20 Ağu 2008

Oynadığım Oyunlar 1 / Çelik Çomak

Ortaokulu bitirene kadar, Muş'un Bulanık ilçesinde geçirdiğim çocukluk yıllarımla ilgili baskın duygum hep canımın sıkıldığıydı. Kışları soğuk ve yağışlı, yazları sıcak ve kurak geçen bu coğrafya, oyun oynamak için çok da elverişli değildi. Herşeye rağmen keyifle oynadığım oyunları, benim oynamayı pek sevmediğim ama mahalle çocuklarının oynadığı oyunları bir bir anımsıyorum.
Severek oynadığım oyunlardan biri çelik çomaktı.
Oyun için her oyuncunun 50-70 cm bir ağaç sopası olurdu elinde ve bir tane de ortak 15-20 cm boyunda çomak gerekirdi. Oyun iki takım halinde oynanırdı, ideal takım sayıları 3-3 veya 4-4 idi. Eğer yeterli oyuncu yoksa 2-2'i de oynanabilirdi.
Oyuna ilk başlayacak takım kurayla belirlenirdi.

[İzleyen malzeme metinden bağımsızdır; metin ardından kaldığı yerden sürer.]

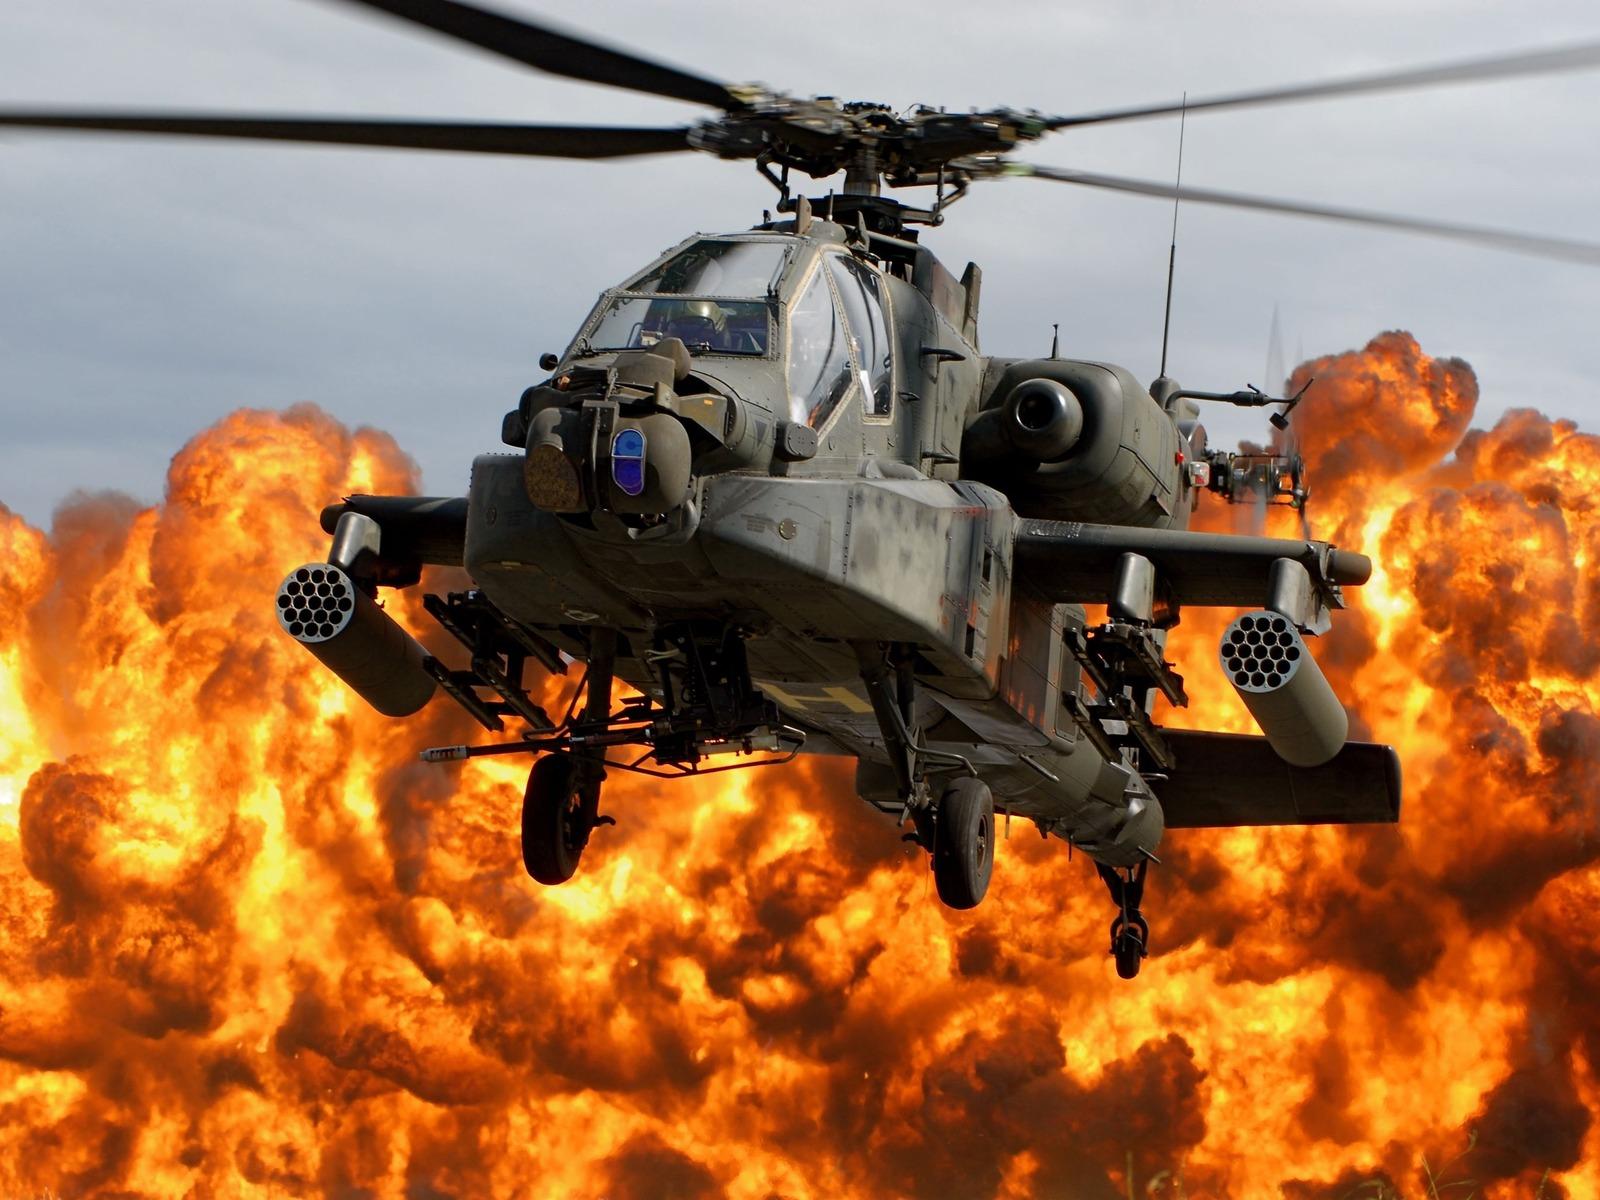 A tutta gnocca! (Parte seconda) - Pagina 5 Ah-64d-apache-wallpaper-helicopter-blade-cab-explosion-fire-napalm-127634-1600x1200

Toprakta bir başlangıç noktası oluşturulur (5 cm çapında bir çukur) bu noktanın etrafına 2 metre çapında bir çember çizilirdi. Başlayan takımın ilk oyuncusu başlangıç noktasından elindeki sopayla çomağa vururdu (önceden belirlenmiş bir doğrultuda) rakip takım oyuncuları ise bu vuruş yönünde belli aralıklarla ellerindeki sopalarla dizilir beklerler ve gelen çomağı havada vurmaya çalışırlardı. Eğer çomağa yere düşmeden önce sopalarıyla vurabilirlerse atışı yapan oyuncu yanar sıra takımın öbür oyuncusuna geçerdi. Havada vuramazlarsa, çomağı yere düştüğü yerden alıp, yere çizilmiş çemberin içine atmaya çalışırlardı, çemberdeki oyuncu ise çomağın çembere girmesini engellemeye çalışırdı. Çomak çembere düşerse sıra öbür oyuncuya geçerdi. Eğer çomak çembere girmezse bu sefer düştüğü yerde, önce uç tarafına vurularak havalandırılır sonra havadayken yeni bir vuruşla çemberden uzaklaştırılmaya çalışılırdı.
Uzaklaştırılma başarılı olmazsa karşı takım bu sefer çok daha yakında olduğu için çomağı çembere daha rahat atabilirlerdi.
Başarılı olmak, çomağı çok uzak mesafelere gönderebilme ve havada çomağı vurabilme becerilerine bağlıydı. Tabi sopanın ağacının kalınlığı ve kalitesi de çok önemliydi. Severek oynadığım bir oyundu, vuruşu eğer çomağın uygun yerine tutturabilirsem öyle bir vınlamayla giderdi ki kimse tutamazdı.
Bu oyun sadece ilkbahar ve sonbaharda oynanabilirdi. Fakat hem uygun havayı bulmak hem oynayacak arkadaşları bulmak ve oyunu başlatmak çok zordu. Her yer bu mevsimlerde genellikle çamur olduğundan, oyun sonunda evden azar işitmek işten bile değildi.
Bazen daha takımları oluşturma aşamasında, bu bizden olsun, o sizden olsun derken oyun hiç başlayamazdı. Oyun kurulamayınca, mahalleli çocuklar arasında çoğu zaman itişip kakışmaca başlardı ki, bundan hiç hoşlanmazdım, sinir olup bir kenara çekilir onları izler veya eve kaçardım.